TODO: save `dictionary` and `corpus` using pickle.

## Fitting an LDA using gensim

In [26]:
from gensim.models.ldamodel import LdaModel

In [27]:
n_topics = 10
lda = LdaModel(corpus, num_topics=n_topics, id2word=dictionary, passes=15)

In [28]:
topics = lda.print_topics(num_words=10)
for topic in topics:
    print(topic)

(0, '0.015*"ser" + 0.010*"mundo" + 0.005*"heidegger" + 0.005*"modo" + 0.004*"formar" + 0.004*"interpretación" + 0.004*"bien" + 0.004*"término" + 0.004*"teoría" + 0.004*"propiedad"')
(1, '0.017*"kant" + 0.011*"ser" + 0.007*"libertar" + 0.007*"moral" + 0.007*"razón" + 0.007*"concepto" + 0.006*"derecho" + 0.006*"ley" + 0.005*"bien" + 0.004*"práctico"')
(2, '0.004*"percepción" + 0.004*"cavar" + 0.004*"ser" + 0.003*"virtud" + 0.003*"empírico" + 0.003*"concienciar" + 0.003*"propiedad" + 0.003*"concepto" + 0.003*"em" + 0.003*"noë"')
(3, '0.009*"formar" + 0.008*"hegel" + 0.008*"ser" + 0.007*"político" + 0.006*"foucault" + 0.005*"vida" + 0.004*"bien" + 0.003*"lógico" + 0.003*"modo" + 0.003*"crítico"')
(4, '0.010*"ser" + 0.005*"social" + 0.005*"bien" + 0.004*"formar" + 0.004*"acción" + 0.004*"modo" + 0.004*"desear" + 0.003*"relación" + 0.003*"político" + 0.003*"vida"')
(5, '0.011*"ser" + 0.006*"vida" + 0.006*"concienciar" + 0.005*"mundo" + 0.004*"bien" + 0.004*"heidegger" + 0.004*"husserl" + 0.0

## Visualizing an LDA using pyLDAvis

One of the advantages of using `gensim` is `pyLDAvis`, a visualization utility that takes `gensim`'s objects (the `lda` model, the `corpus` and the `dictionary` we created above) and creates a visualization of the `lda`'s latent space and topic representation:

In [30]:
import pyLDAvis.gensim
lda_display = pyLDAvis.gensim.prepare(lda, corpus, dictionary, sort_topics=False)
pyLDAvis.display(lda_display)

## Topic coherence using gensim

`gensim` itself brings a `CoherenceModel` object that measures a metric of coherence which can be used to assess and evaluate an LDA model.

In [31]:
from gensim.models import CoherenceModel

In [32]:
texts = [
    prepare_bag_of_words(a) for a in corpusList
]

In [29]:
coherence_model_lda = CoherenceModel(model=lda, texts=texts, dictionary=dictionary, coherence='c_v')
coherence_lda = coherence_model_lda.get_coherence()
print('Coherence Score: ', coherence_lda)


Coherence Score:  0.33797822156558943


This coherence score allows us to do a search for the "best" `n_topics`. Let's print the coherence doing a normal search between 10 and 150 topics.
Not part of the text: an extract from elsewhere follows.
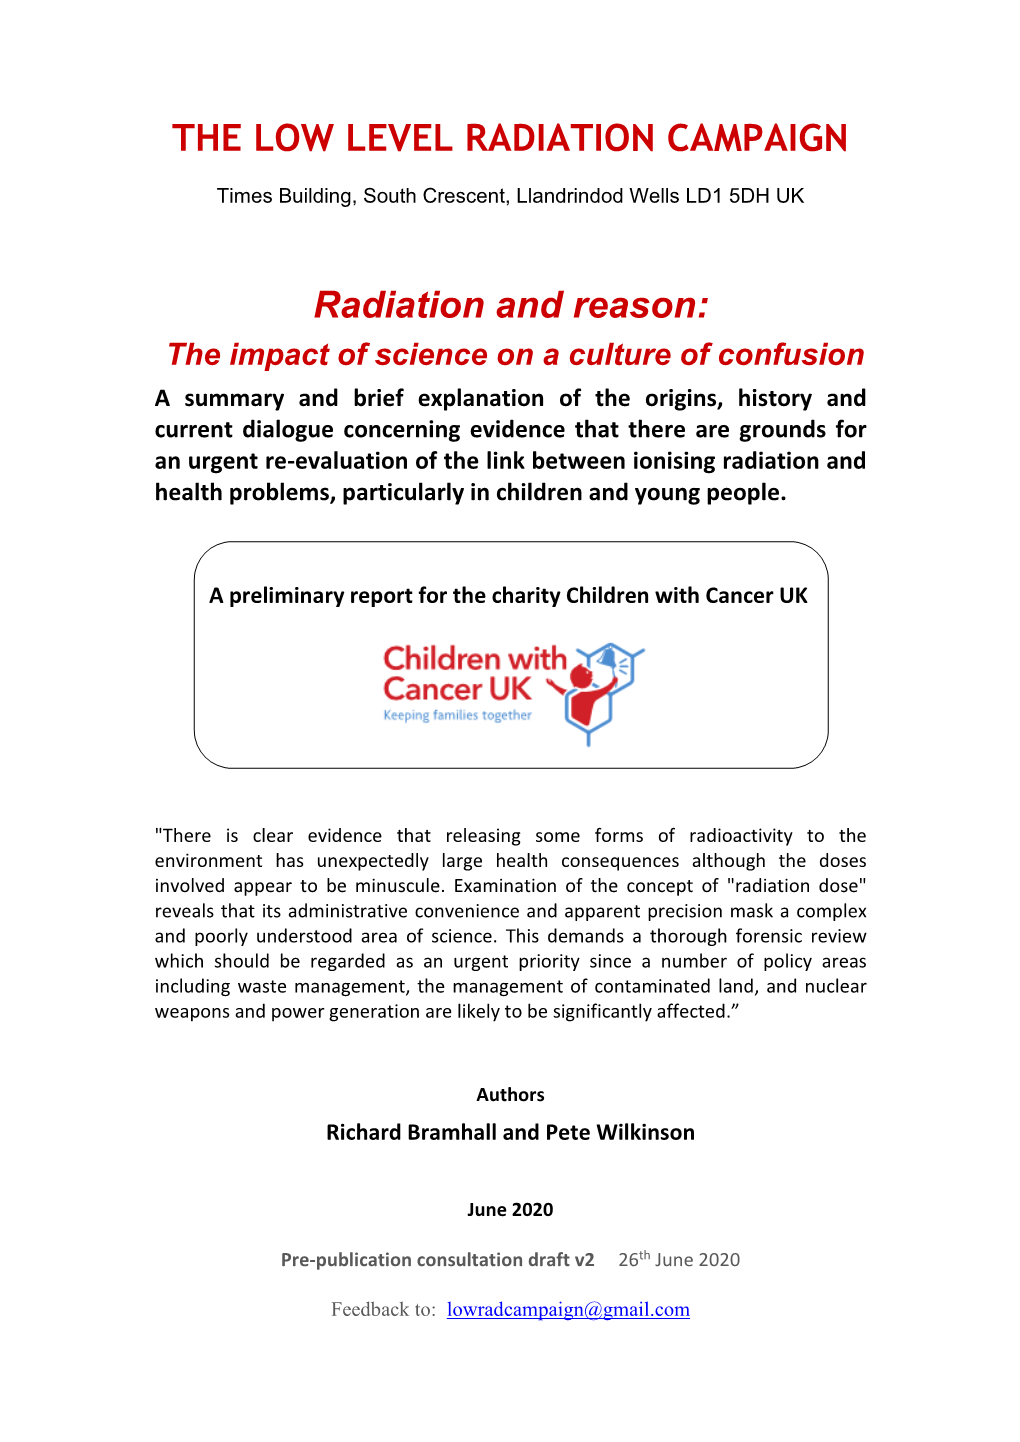 Preliminary Report for the Charity Children with Cancer UK
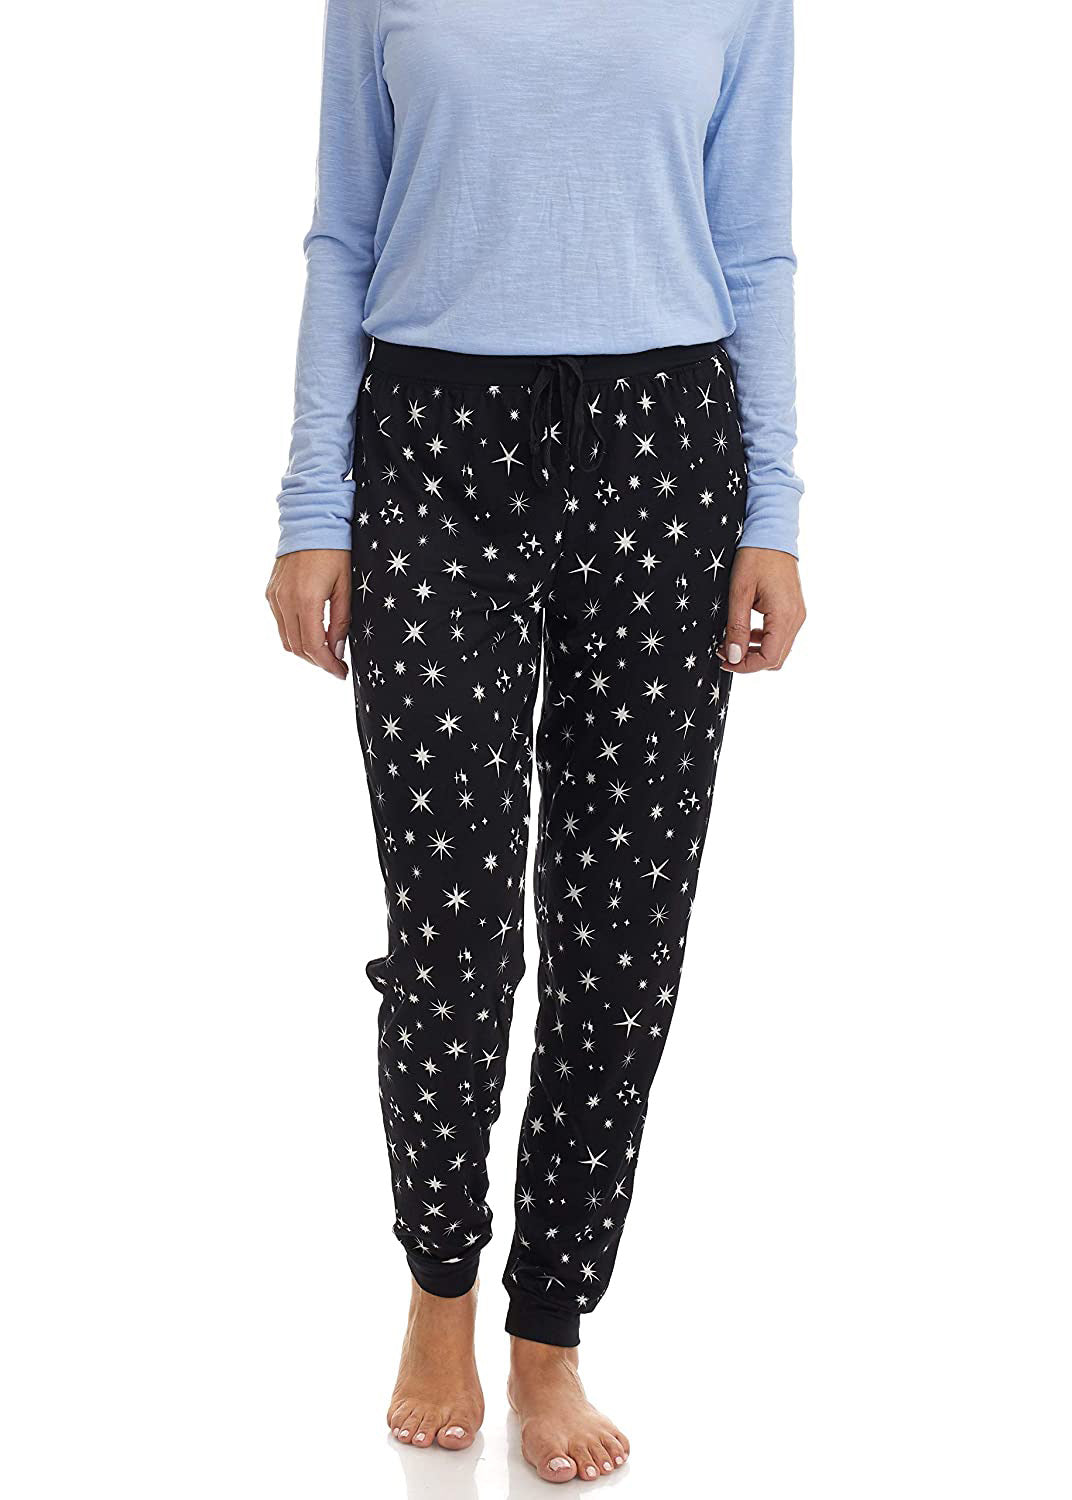 PJ joggers with soft velvety texture, stretch, elastic waistband, drawstring, and stylish ankle cuff. This pattern is scattered stars, of varied size and shape, white, on black stars on a black background.

Notice that this coherence score is sensitive to the random number generation that is used when creating the `lda`.

In [None]:
coherence_per_topics = {}
for n_topics in range(10, 151, 5):
    lda = LdaModel(corpus, num_topics=n_topics, id2word=dictionary, passes=15)
    coherence_model_lda = CoherenceModel(model=lda, texts=texts, dictionary=dictionary, coherence='c_v')
    c = coherence_model_lda.get_coherence()
    coherence_per_topics[n_topics] = c
    print(f'Topics: {n_topics}. Coherence Score: {c}')

Topics: 10. Coherence Score: 0.3529584097627566
Topics: 15. Coherence Score: 0.3384085599446584
Topics: 20. Coherence Score: 0.33025337914520897
Topics: 25. Coherence Score: 0.3435222242397539
Topics: 30. Coherence Score: 0.3284817585586472
Topics: 35. Coherence Score: 0.3379262882371989
Topics: 40. Coherence Score: 0.3654173467844408
Topics: 45. Coherence Score: 0.35818268356111255


**TODO**: use some statistics to analyze, and include other hyperparameters in the search.